Potentially Unwanted Programs can be a real nuisance but the good news is that they can’t install themselves on your computer. As long as you’re diligent while you install free Windows programs they won’t be able to get onto your system!

Leave a Reply 11 comments

Amelia Holmes - February 22, 2017 Reply

The worst is when multiple PUPs get to your PC, I was installing a lot of free video editors to see which was the best and before I knew it I had three new toolbars on my browser that I could not remove.

    Vanessa Baecker - February 23, 2017 Reply

    Yeah, I had a bunch of toolbars on my browser that I never choose to install, at first I didn’t do anything because it didn’t seem like a big deal to be. But soon enough the toolbars were taking my whole screen. At that time I didn’t know about Anti-Malware applications so I ended up re-formatting my whole PC to remove them.

      Alvisa Napolitano - March 7, 2017 Reply

      You haven’t seen anything yet, I’ve seen computers that were completely unusable because the amount of PUPs that was installed was just that high. I swear that the Laptop had Windows 10 and it was unbearably slow, the CPU usage was always at a 100% percent with various PUPs taking 2 or 3% of it, that was insane.

Alexander Kuefer - February 24, 2017 Reply

“Today we’re going to talk about PUPs. No, not adorable puppies, Potentially Unwanted Programs” hahaha made my day.

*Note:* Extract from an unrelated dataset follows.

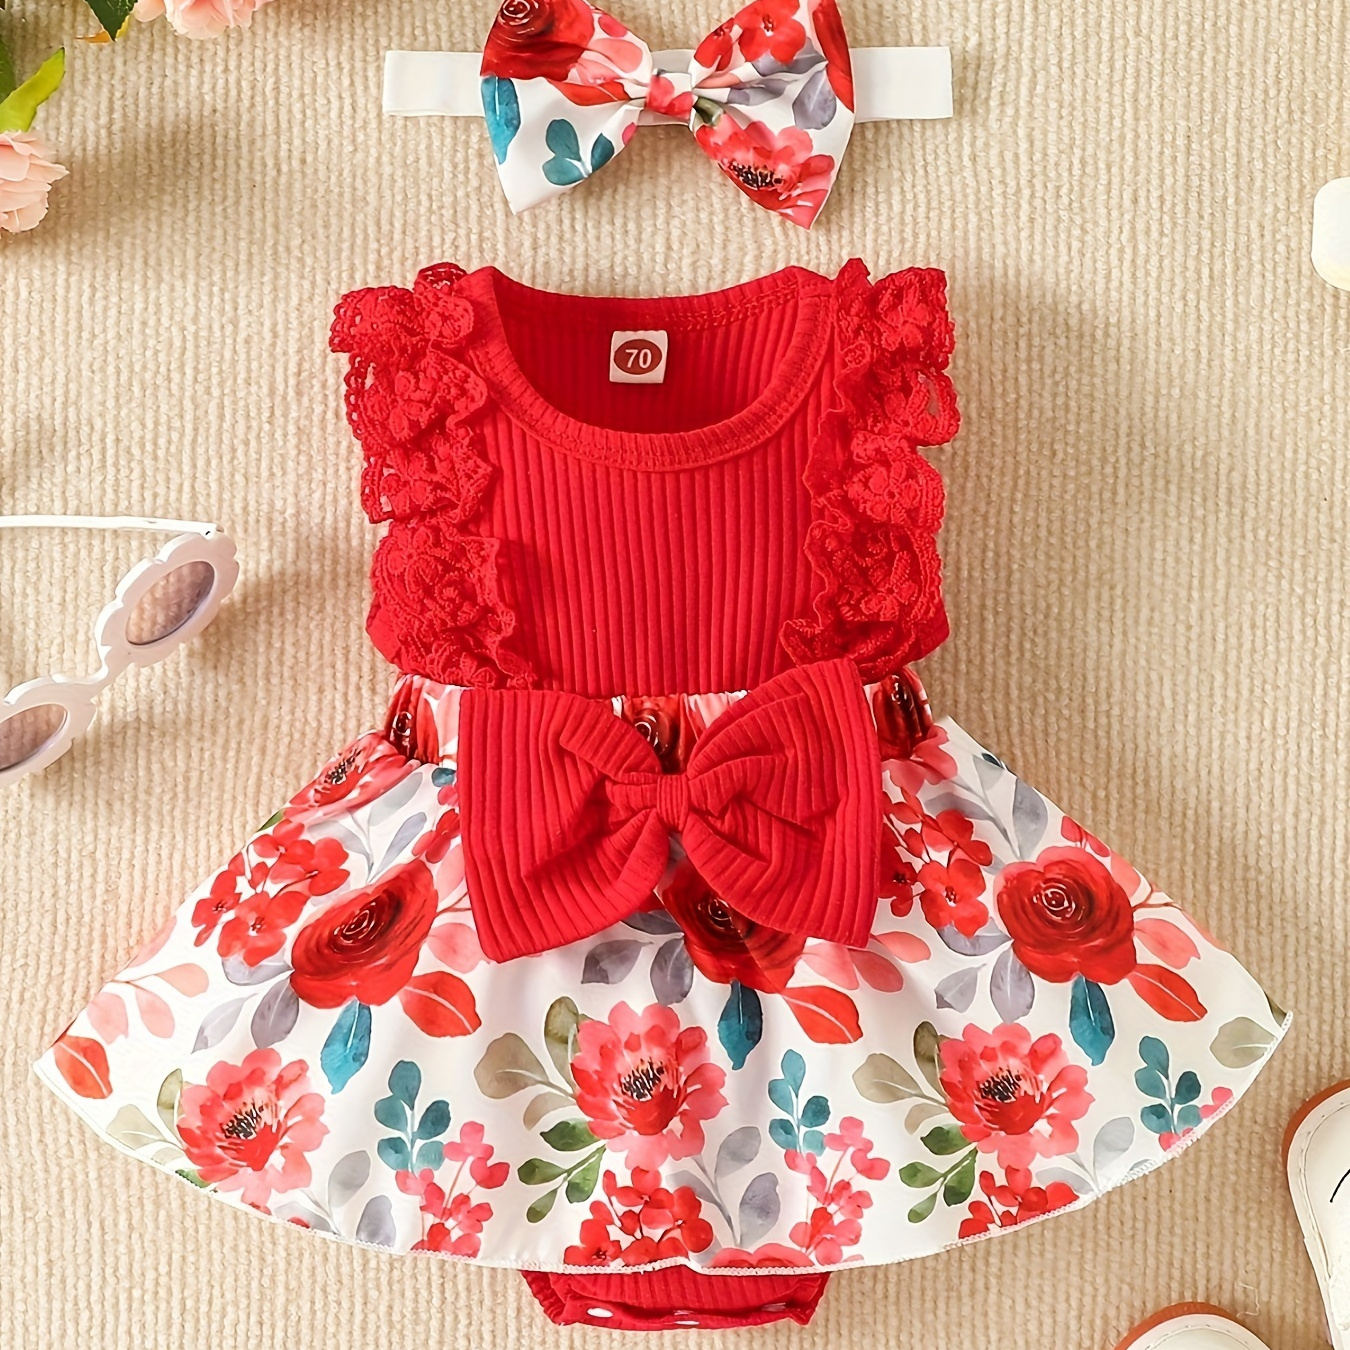 

Baby Girl Clothes Newborn Romper Flower Pattern Dress Infant Lace Ruffle Sleeveless Summer One-piece Outfits With Headband 0-12 Months
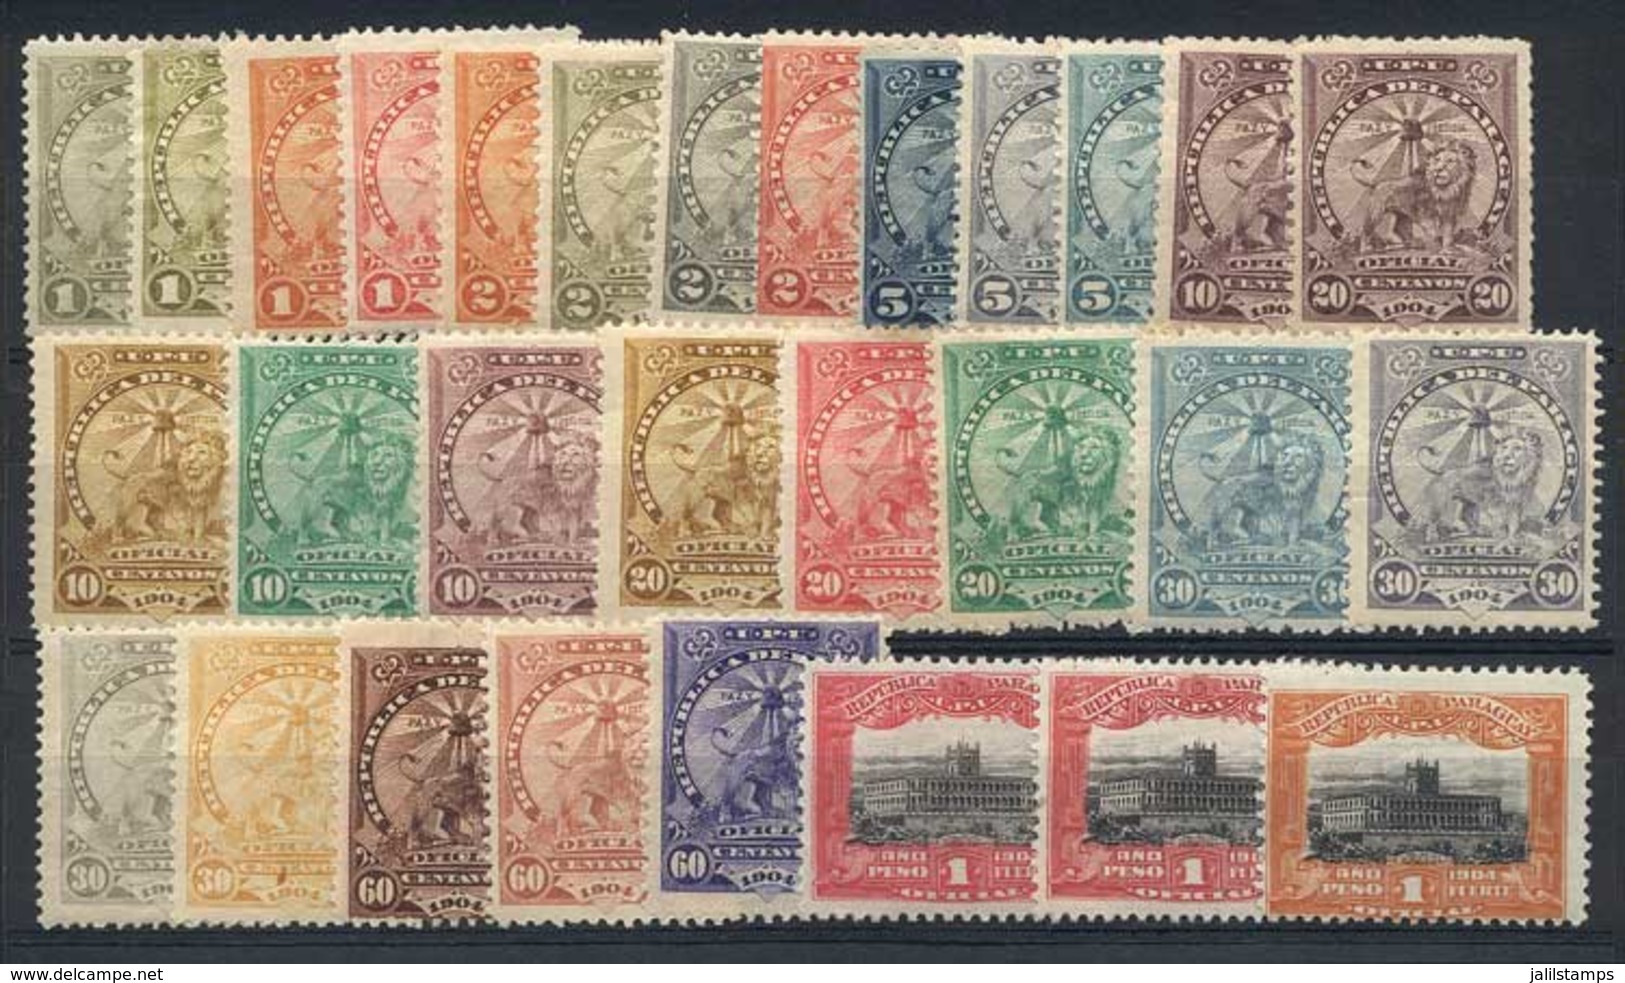 PARAGUAY: Sc.O57/O84, 1905/8, Complete Set, Mint Lightly Hinged, VF Quality, Rare! - Paraguay

    Chappell Bellemare - March 3, 2017 Reply

    I know right? The joke is kinda old but it still makes me laugh hahaha

Franziska Gerste - February 27, 2017 Reply

Installing programs using the custom installation is kind of a pain, but I guess that there is no way around this. It’s a necessary step to keep PUPs away.

    Robinette Daigneault - March 2, 2017 Reply

    It’s not that much of a drag, all you have to do is to unclick the boxes that will install the bundled software and you’re done.

      Mirjam Ek - March 6, 2017 Reply

      Yep, that’s what I always do, I hate it when there is bundled software on installations.

Leah Seiler - February 28, 2017 Reply

It’s absolutely ridiculous that these kinds of programs are called “Potentially Unwanted”, of course they are unwanted, and of course they are malicious.

    Bernd Brandt - March 1, 2017 Reply

    There is a good reason for that, these kinds of applications were indeed used to be called malicious. But at one point, the developer of an adware sued an Antivirus company ( I think it was McAfee) because they called their application malicious. Other security companies kept that in mind and decided to name these applications “Potentially Unwanted Programs”, in that way no one could sue them, and they were also able to keep their customers safe. So there you have it, they are indeed unwanted and malicious, but no security company will mark them as such because that would put them at the risk of getting sued.

Filiberto Ferri - March 8, 2017 Reply

But how is it possible for a program to conclude which applications are potentially unwanted and which ones are legitimate???